FILE:
v1.py
LANGUAGE & VERSION:
Python 3.13.7
OVERVIEW:
This application detects basic household objects using your webcam and classifies them into a general category by saying the name of the category out loud.
PURPOSE:
To experiment with AI/ML on a real hands-on project. Primarily built to compete in Technology Student Association (TSA) 2025-2026, in the Software Development category.
PIPELINE:
Upon clicking the start/stop button, the webcam receives input, as a singular picture frame. YOLO then processes the frame and makes predictions. A simple mathematical algorithm then calculates the largest/most important object detected. A TTS function then runs with the largest object's name as a parameter, so it can be processed into audio. The TTS function then outputs that audio through the computer's speakers. Meanwhile, the processed frame with bounding boxes around each detected object is converted in a multi-step process into a usable Tkinter format to be displayed on the application interface.
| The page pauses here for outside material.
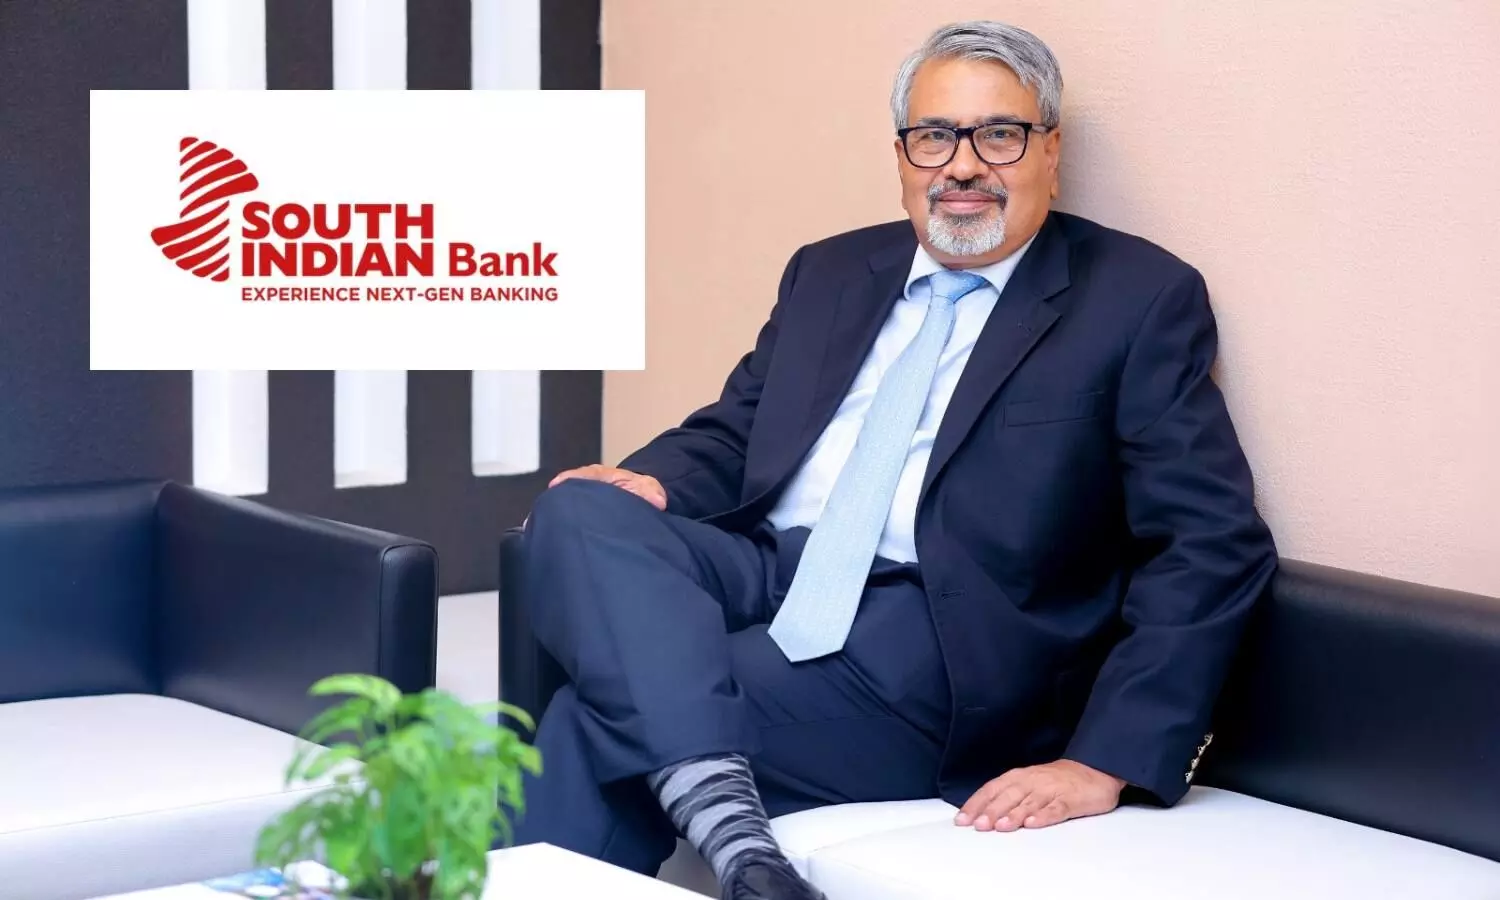 P R Seshadri, MD & CEO of South Indian Bank

This process then repeats very quickly (30 fps), until the start/stop button is clicked again.
FUNCTIONALITY:
Not all objects are able to be classified with accuracy and may be mistaken for other items, as this ML model is pre-trained on just 80 categories. The program may detect the object as something else, or may not detect it at all.
OUTPUT:
This program utilizes your webcam camera and your speakers, so make sure both are functioning. Your webcam will be running a live feed that you are able to see, and your speakers will be outputting audio every 3 seconds based on whatever the main object is.
DEPENDENCIES:
opencv-python (for webcam usage), ultralytics (for YOLOv11 ML model), pillow (for Python Imaging Library to process frames), edge-tts (for TTS usage), pygame (for audio engine usage)
TERMINAL COMMAND FOR DEPENDENCIES:
pip install opencv-python ultralytics pillow edge-tts pygame